Task statement
Starting at the line containing "Rhys Ifans attending" and ending at the line containing "Branded Red Hooded Padded Jacket", print every line of the material below exactly, both ends included, and stop there.

Source data
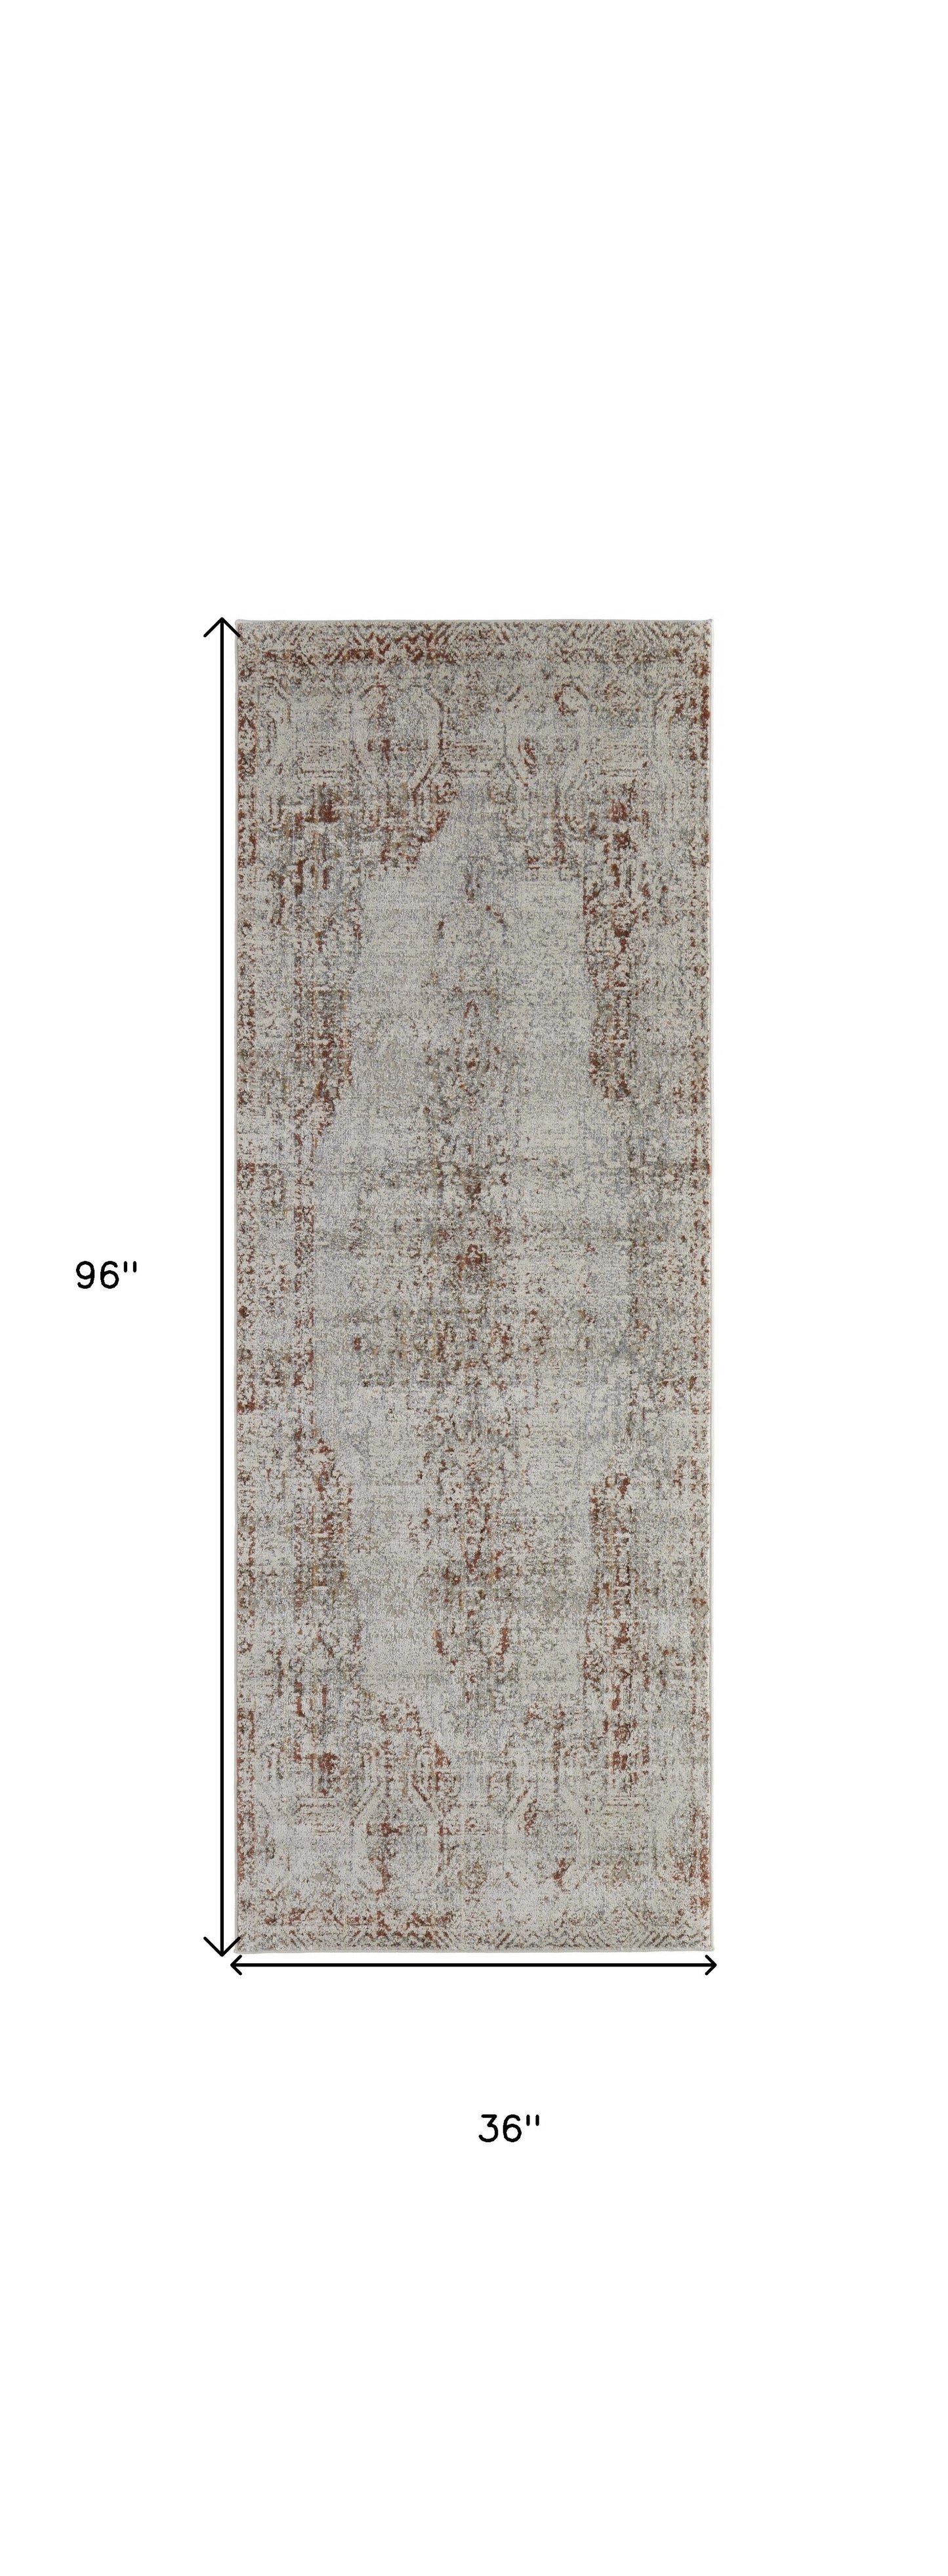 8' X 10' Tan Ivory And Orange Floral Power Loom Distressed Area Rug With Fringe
...
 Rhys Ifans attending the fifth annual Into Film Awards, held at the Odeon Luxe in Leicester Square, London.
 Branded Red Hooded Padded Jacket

Exercise solution
 Rhys Ifans attending the fifth annual Into Film Awards, held at the Odeon Luxe in Leicester Square, London.
 Branded Red Hooded Padded Jacket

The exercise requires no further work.